Nell'ambito della terapia frequenziale, i tumori della testa e del collo non sono visti solo come richieste spaziali locali, ma anche come espressione di modelli di regolazione e informazione alterati nel tessuto. Le informazioni complementari sulla frequenza ampliano la visione medica convenzionale considerando campi di risonanza caratteristici, che vengono assegnati alle singole forme tumorali e alle sollecitazioni che le accompagnano.

Dato che nell'area della testa e del collo si incontrano diversi tipi di tumori e sollecitazioni aggiuntive, la terapia frequenziale è particolarmente complessa.
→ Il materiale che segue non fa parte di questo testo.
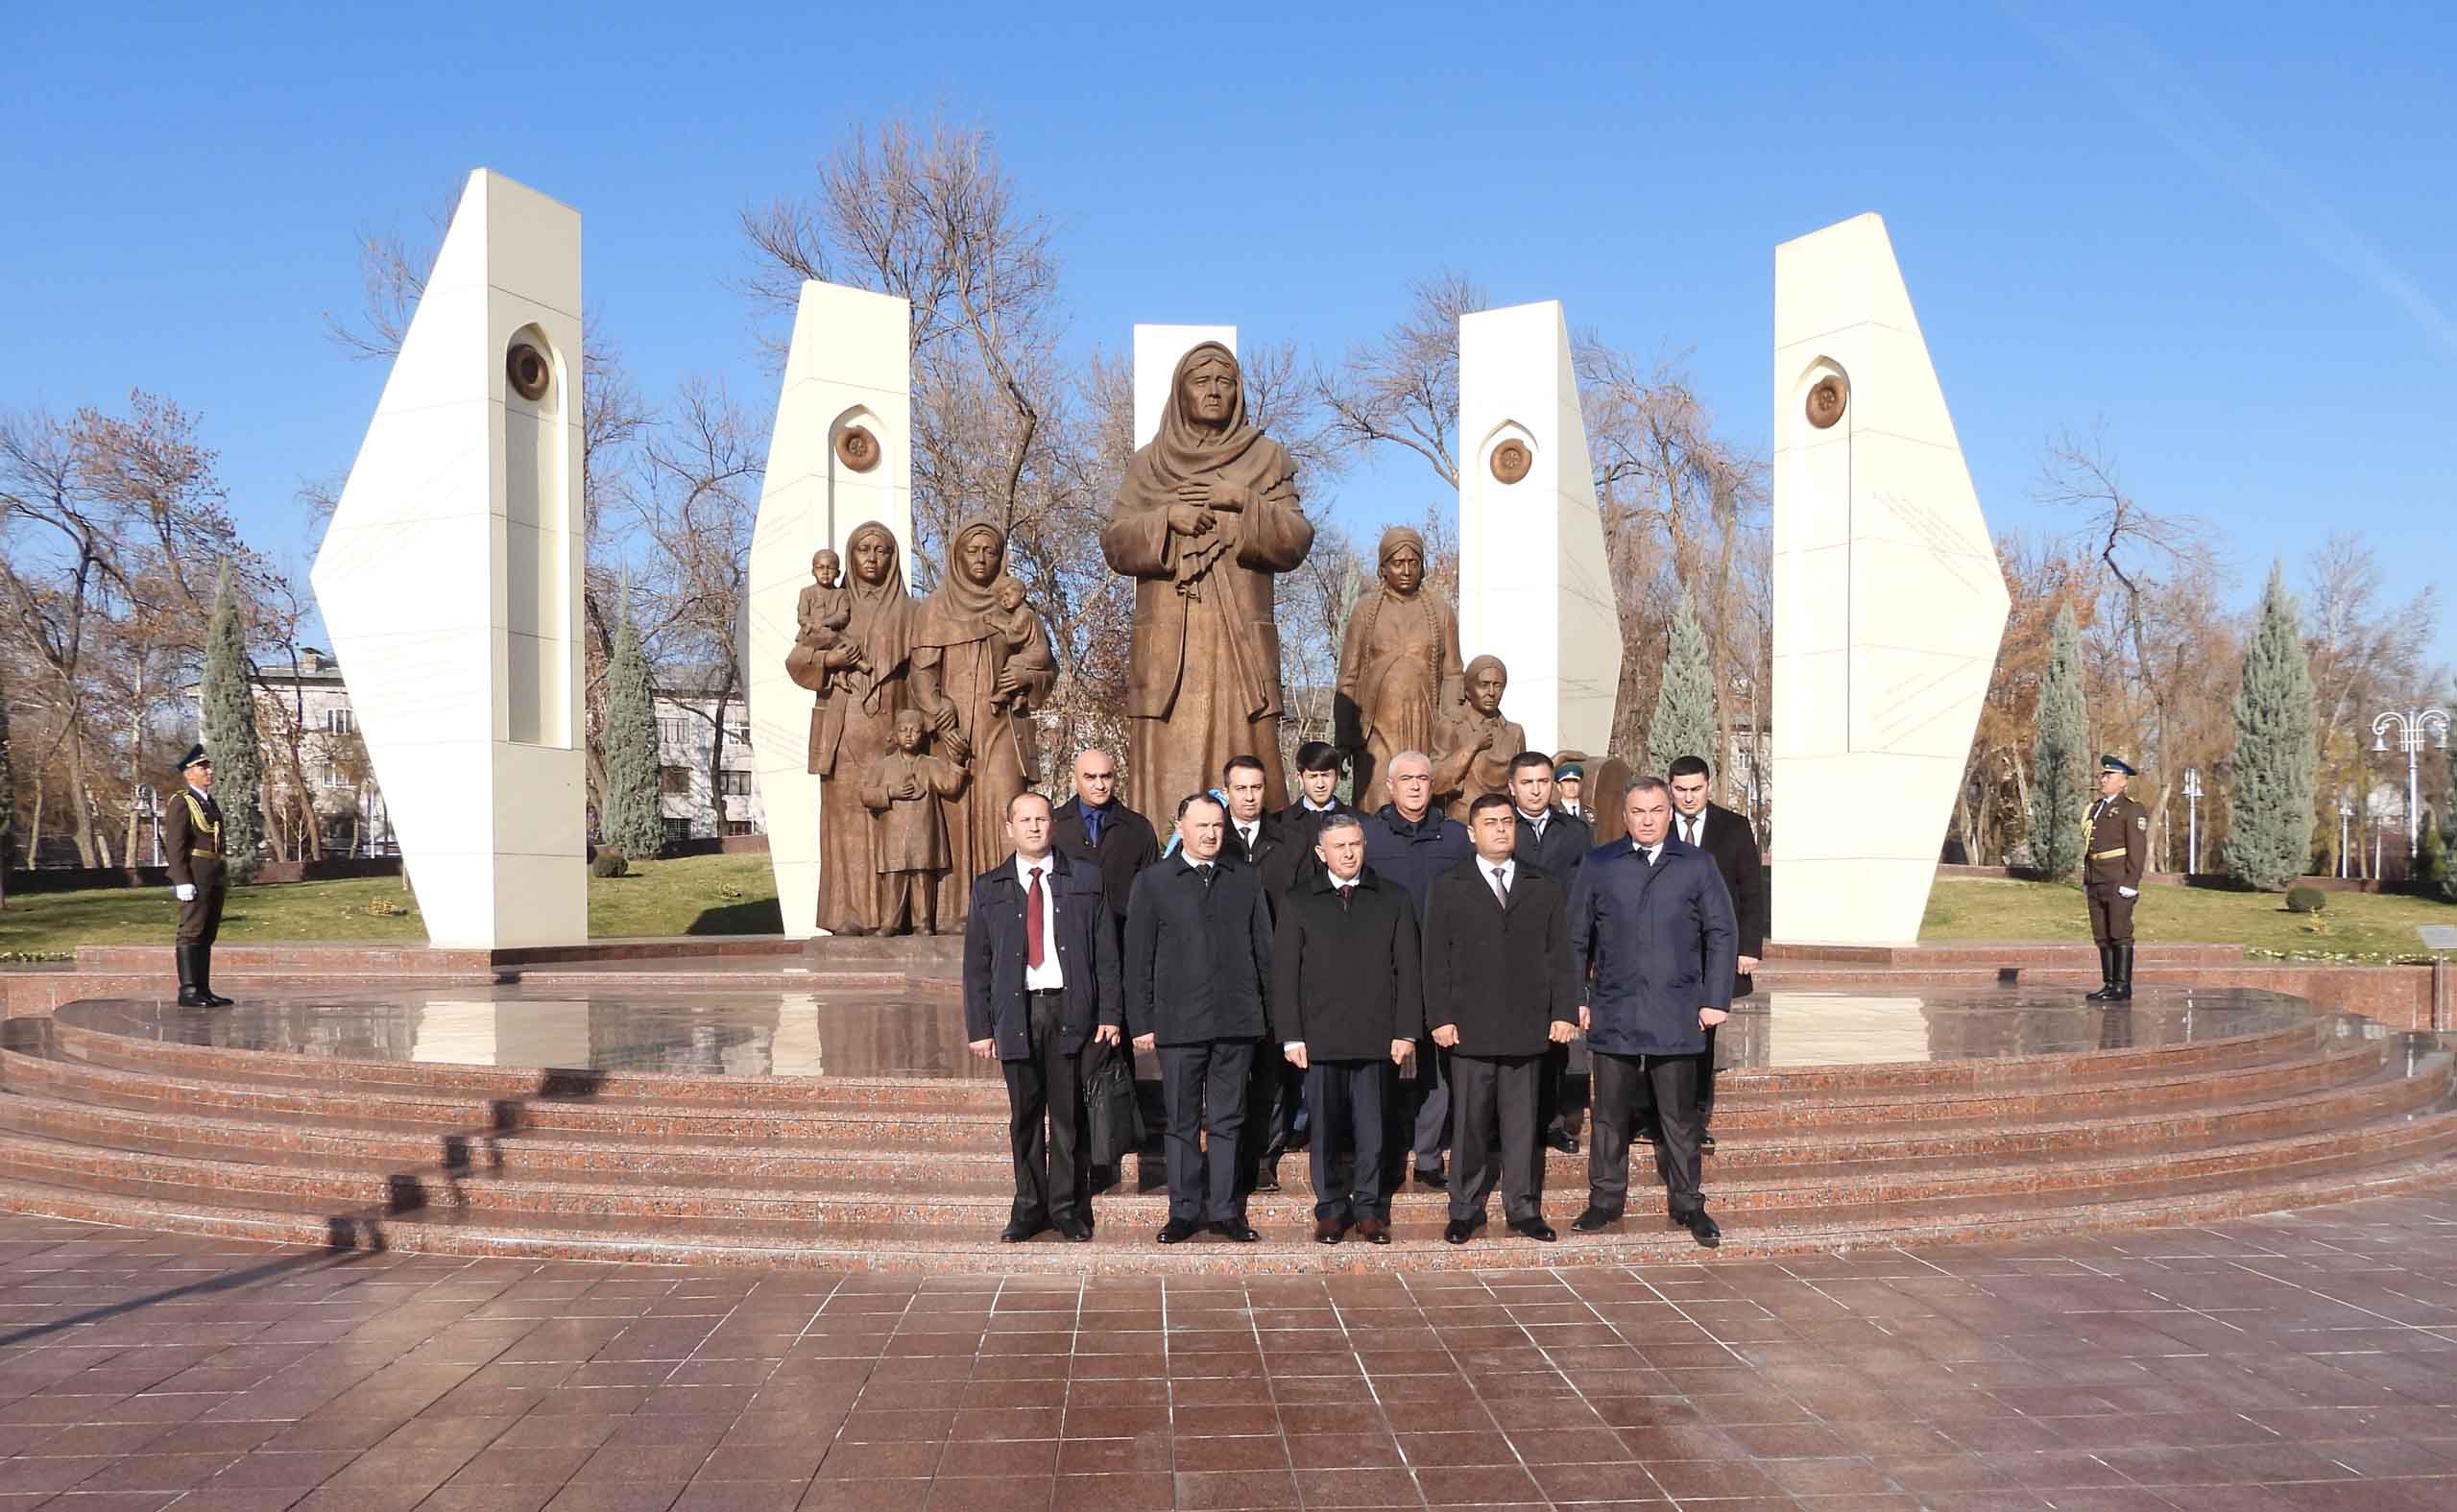 Узбекистан посетила делегация во главе с командующим пограничных войск Республики Таджикистан генерал-полковником Раджабали Рахмоналий.

Non considera solo la singola lesione, ma anche il modello di risonanza complessivo della mucosa, dell'epitelio, del drenaggio linfatico, dello stress biologico e del disturbo funzionale.


Conclusione

I tumori della testa e del collo comprendono un ampio gruppo di malattie maligne che insorgono nelle vie respiratorie e digestive superiori. L'approccio medico convenzionale si concentra sulla localizzazione, l'istologia, i fattori di rischio, lo stato dei linfonodi e una combinazione personalizzata di chirurgia, radioterapia e chemioterapia.

Questo argomento apre anche una prospettiva complementare per la terapia con le frequenze. Le frequenze di risonanza descritte in letteratura per i carcinomi a cellule squamose, gli adenocarcinomi, i carcinomi adenoidi cistici, i carcinomi mucoepidermoidi, i melanomi e i teratomi, nonché le sollecitazioni biologiche che li accompagnano, formano un'informazione frequenziale strutturata che può essere considerata un supplemento nell'ambito della medicina informativa.

Particolarmente evidenti sono i cluster di risonanza tra 400 e 451 kHz e nelle aree superiori 518 kHz. Il risultato è un post WordPress completo che riunisce i principi della medicina convenzionale e le informazioni sulle frequenze complementari sui tumori della testa e del collo in un modo chiaramente strutturato, compatibile con la SEO e direttamente utilizzabile.

I commenti sono chiusi, ma trackbacks e pingbacks sono aperti.